A federal appeals court will let Sarah Palin sue The New York Times over an editorial that suggested a graphic put out by her PAC incited the 2011 Tucson mass shooting targeting then-U.S. Rep. Gabrielle Giffords.

In a new ruling, the 2nd Circuit Court of Appeals said there was enough evidence to show a Times editorial writer knew there was no link between the graphic, which put targets over several congressional districts — including that of Giffords — and shooter Jared Loughner subsequently killing six and seriously wounding 13 others, including Giffords, in the parking lot of a Tucson-area Safeway on Jan. 8, 2011.

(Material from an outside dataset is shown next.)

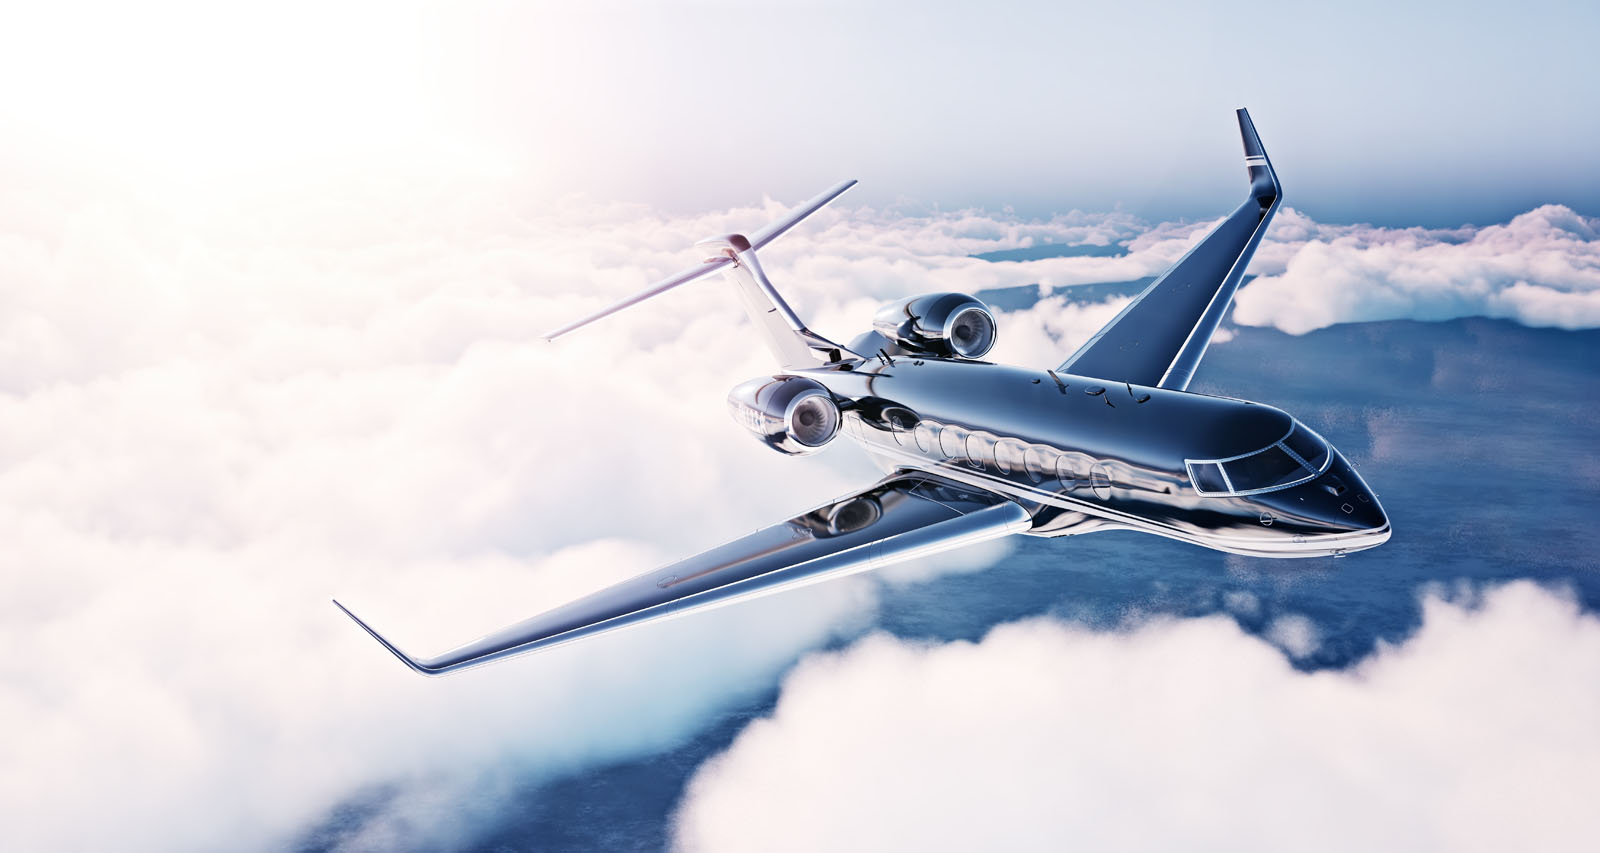 Image,Of,Black,Luxury,Generic,Design,Private,Jet,Flying,In

The decision does not mean the Times is guilty of libel. But it gives Palin, who was the 2008 vice presidential running mate of Arizona Sen. John McCain, a chance to argue her case to a jury.

The map circulated by SarahPAC superimposed the image of a crosshairs target over certain Democratic congressional districts, including Giffords’ Southern Arizona district. Judge John Walker, writing for the unanimous panel, said the graphic evoked images of violence in the views of many.

Six years later, there was another political shooting, at a Washington, D.C. practice for a congressional baseball game, injuring four people including Republican Congressman Steve Scalise.

An editorial published the same evening titled “America’s Lethal Politics,” written by James Bennet, the paper’s editorial page editor, argued the two shootings evidenced the “vicious” nature of American politics.

It claimed the “link to political incitement was clear,” mentioning the Palin PAC’s map of targeted electoral districts.

Walker said the editorial suggested — incorrectly — that the members of Congress themselves had been pictured on the map.

The editorial also said there was “no sign of incitement (in the 2017 shooting) as direct as in the Giffords attack.”

Palin filed suit 12 days after the editorial was published.

A trial judge, after a hearing where Bennet was questioned, threw out the case. The appellate court not only found that procedure improper but said there was enough evidence to let the case go to a jury.